McCoy: Reds stun mighty Yankees with four runs in ninth

The Cincinnati Reds scored an incredible, incomprehensible, incredulous last-ditch effort victory over the New York Yankees on Tuesday night in Yankee Stadium.

After eight innings, the Reds were all but dead and buried on a dormant offensive night against Yankee ace Gerrit Cole.

They scored four runs in the top of the ninth for a 4-3 victory. And they were down to their last strike, trailing by 3-2, when Jonathan India blooped a two-out, two-strike, two-run single to center field

How tough was it to do that?

The Yankees were 49-0 this season when leading after eight innings. And the Reds had to face New York closer Clay Holmes, who was 4-0 with a 0.45 earned run average and 14 saves.

Incredibly, he faced five Reds and didn’t retire anybody. Tommy Pham walked. Joey Votto singled. Tyler Stephenson was hit by a pitch to fill the bases.

Tyler Naquin sneaked a ground-ball single to left field for a run and it was 3-1. Holmes hit Kyle Farmer with a pitch, forcing in a run and it was 3-2.

That forced Yankee manager Aaron Boone to remove Holmes for the first time this season. Former Reds pitcher Wandy Peralta was brought in with bases loaded, no outs.

Pinch-hitter Donovan Solano grounded to the mound for a force out at home. Nick Senzel grounded to third for another force at home.

Peralta slipped two quick strikes past India and he fouled two pitches before delivering the big hit for the 4-3 lead.

It wasn’t over. There was the bottom of the ninth to cover. Alexis Diaz took the mound and his first assignment was Aaron Judge, MLB’s home run leader with 30.

Judge was given the night off but was sent up as a pinch-hitter. Diaz struck him out. Diaz walked D.J. LeMahieu.

Gleyber Torres grounded up the middle to second baseman India. His toss to second forced LeMahieu. Farmer made a quick spin move to throw to first.

Torres was called safe, the Reds challenged, the call was overturned. Out. Reds win.

And for the first time this season the Reds own a five-game winning streak while the Yankees have lost three straight for only the second time this season.

Before Reds rookie starter Graham Ashcraft could shake the Gotham jitters, the Yankees had two runs and nobody out.

And the way Cole proceeded to pitch, those two runs seemed to be more than enough.

Cole’s career record against the Reds was 1-and-8, but most of those losses came when Cole wore a ‘P’ for Pittsburgh on his cap instead of his current ‘NY,’ where he is 8-2 with a 3.15 earned run average.

The Yankees seldom lose at home. They haf won 19 of their last 21 at home and for the season they were 34-9 on baseball’s hallowed grounds.

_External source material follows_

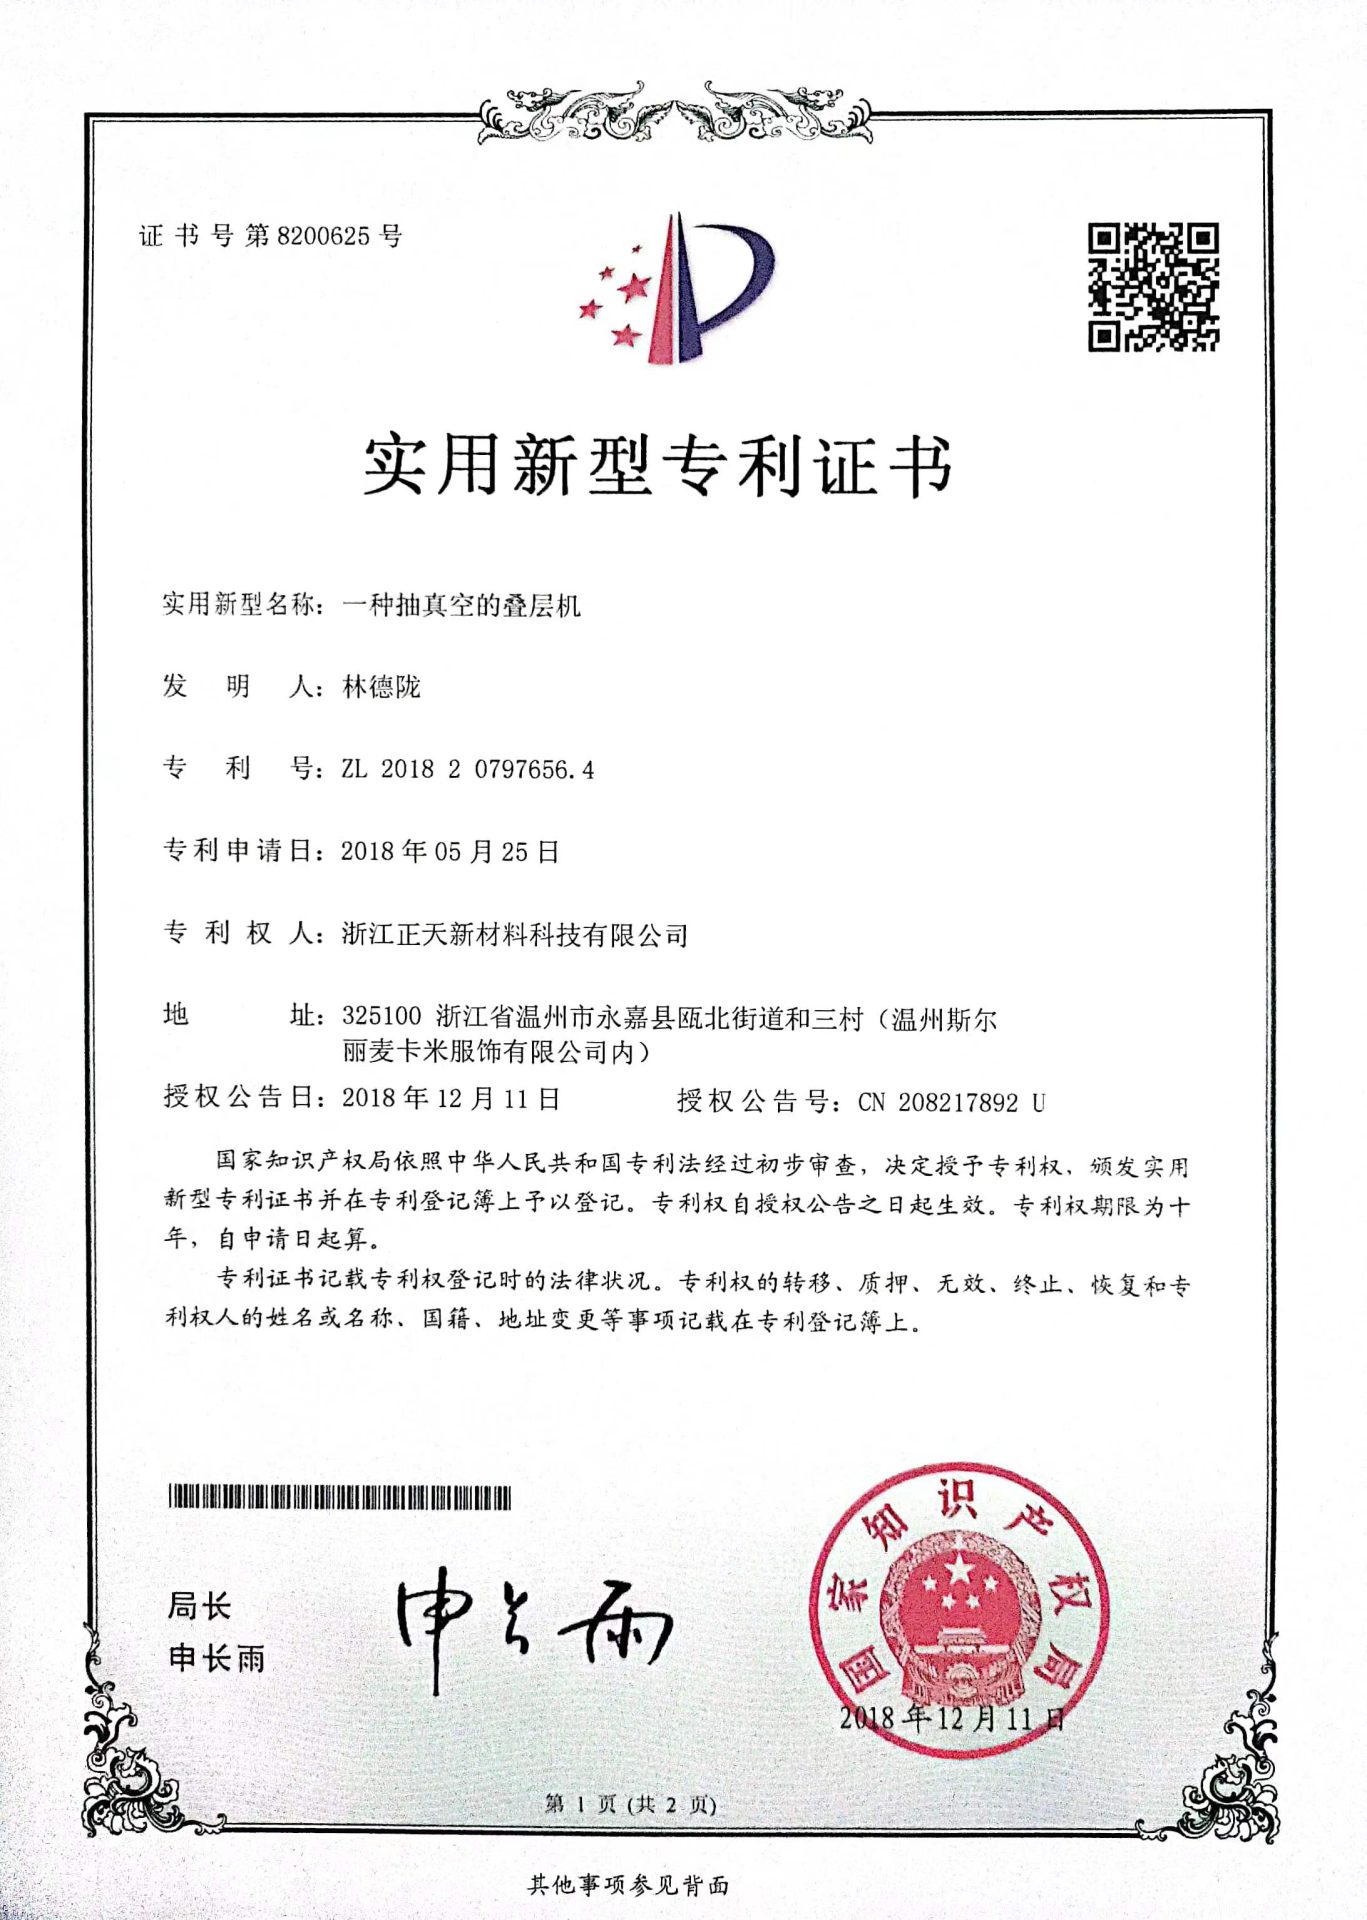 Zhengtian New Materials Technology Co., LTD. | Home

Yankee manager Boone gave the Reds a break by resting Judge until his pinch-hit strikeout in the ninth. The Yankees lead baseball with 146 home runs. They did not hit one Tuesday, never came close.

The Reds put their leadoff batter on base three times against Cole, twice with doubles, but they couldn’t find home plate.

Mike Moustakas led the third off with a double and two outs later Brandon Drury dumped a single into short left, sending Moustakas to third. Pham struck out.

India led the sixth off with a double and Drury flied to center. India stole third, but Pham struck out for the third time (a dubious called strike) and Votto fouled out.

Stephenson led the seventh off with a single and Cole promptly struck out the side — Naquin, Farmer (a dubious called strike on a full count) and Moustakas struck out.

The Moustakas strikeout was Cole’s 11th and he left after seven — no runs, four hits, one walk, 11 strikeouts.

The Yankees opened the bottom of the first with a single by LeMahieu, a double by Torres and a two-run single by Anthony Rizzo.

The Yankees were gifted a third run in the fourth, back-to-back to walks by Ashcraft to open the inning. Josh Donaldson lifted a routine fly ball to center, but just as he was about to make the catch, Senzel lost his footing and fell to the turf and a run scored.

Ashcraft left after five because he used up 106 pitches while holding the Bronx Bombers to three runs, seven hits, three walks and three strikeouts.

The suddenly strong bullpen held the Yankees scoreless the last three innings, a feat performed by Jeff Hoffman (one hit), Ian Gibaut (one hit) and Reiver Sanmartin (one walk).

And that set it up for a Reds’ finish that would be laughable if it was a movie. But this was for real.